The study cohort data were obtained from the SEER database that were released in April 2022 with the SEER*Stat 4.2.0 software (National Institutes of Health, Bethesda, MD). The data include demographic, clinicopathological, treatment, and survival information which cover approximately 34.6% of the US population. Before initiation of this study, we had submitted a data use agreement to the SEER program which was granted with the authorized access (User ID: 10181-Nov2021). Written informed consent from patients was waived because of the public nature of the SEER database.

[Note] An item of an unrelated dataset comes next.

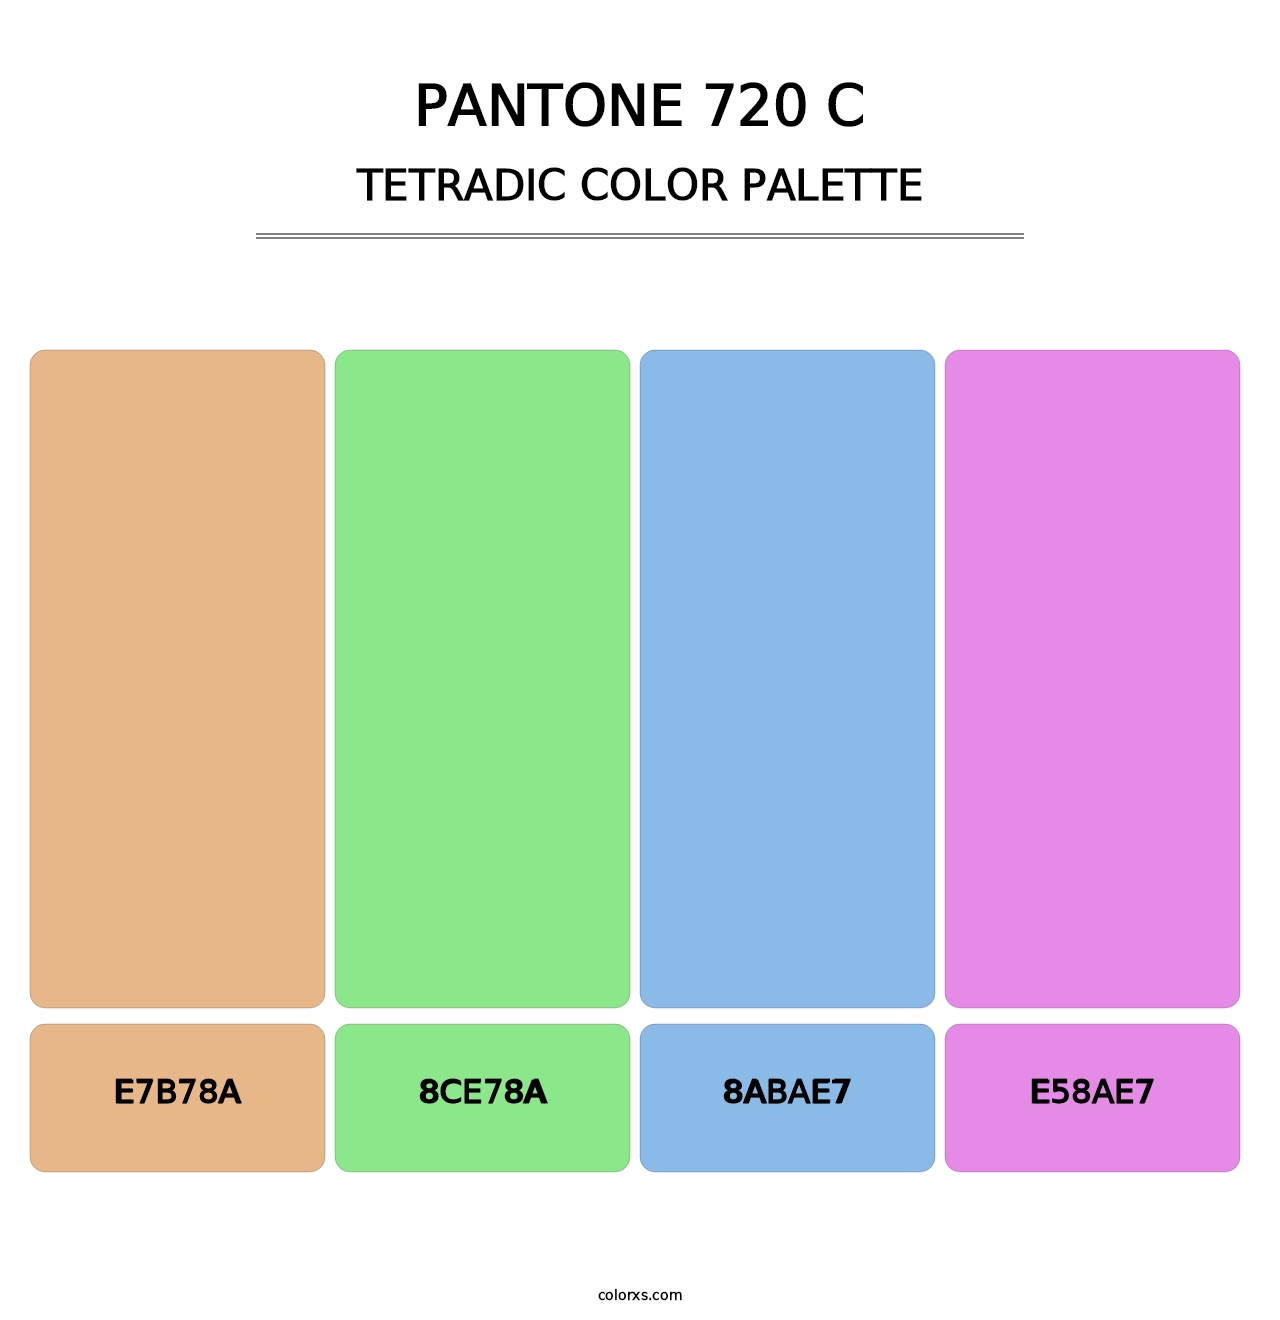 PANTONE 720 C - Tetradic Color Palette

This study was conducted following the Strengthening the Reporting of Observational Studies in Epidemiology (STROBE) reporting guidelines.

Data collection

Since the bone metastasis status record was available from 2010, the current study extracted the data from the SEER database between 2010 and 2018. A total of 554,585 breast cancer patients with known bone metastasis event and HR status information were included, among which 19,439 patients were diagnosed with bone metastasis. To exclude the potential influence by other malignant comorbidities on survival, patients with metastases to other organs, including brain, lung, and liver, were excluded, leaving 10,447 patients included in survival analysis.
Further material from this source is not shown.